Segment Open
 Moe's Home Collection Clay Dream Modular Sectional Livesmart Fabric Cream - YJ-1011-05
Segment Closed
Segment Open
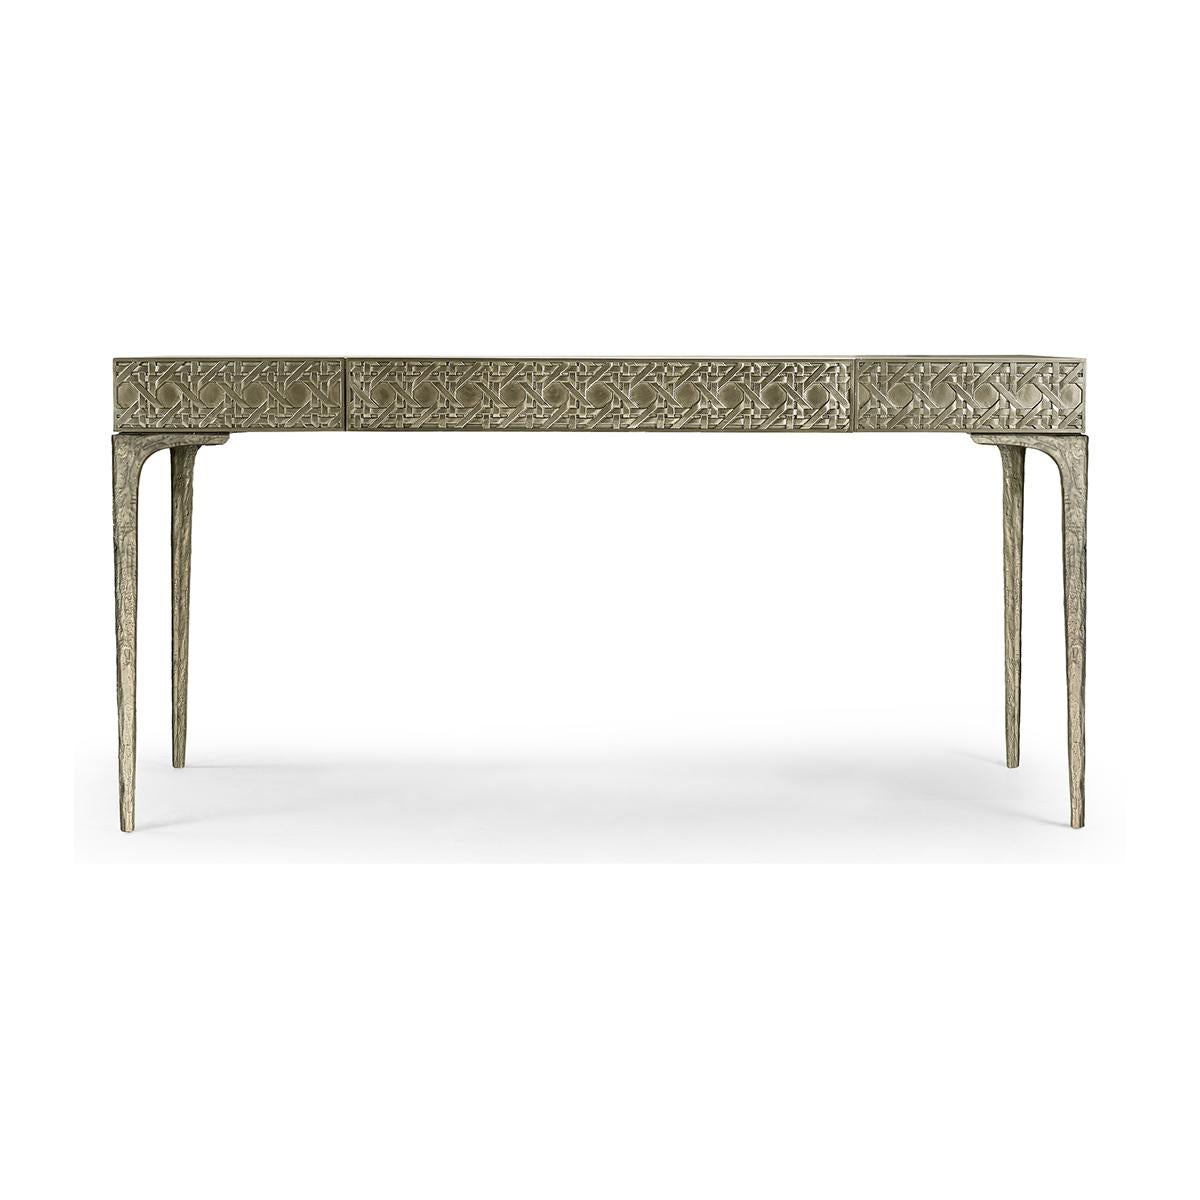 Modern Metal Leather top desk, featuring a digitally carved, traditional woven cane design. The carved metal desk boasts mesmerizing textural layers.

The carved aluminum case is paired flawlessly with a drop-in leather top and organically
Segment Closed
Drop the pictures; return the lines above from the line containing "Modern Metal Leather" to the line containing "The carved aluminum", both included, exactly.

● **Response**:
 Modern Metal Leather top desk, featuring a digitally carved, traditional woven cane design. The carved metal desk boasts mesmerizing textural layers.

The carved aluminum case is paired flawlessly with a drop-in leather top and organically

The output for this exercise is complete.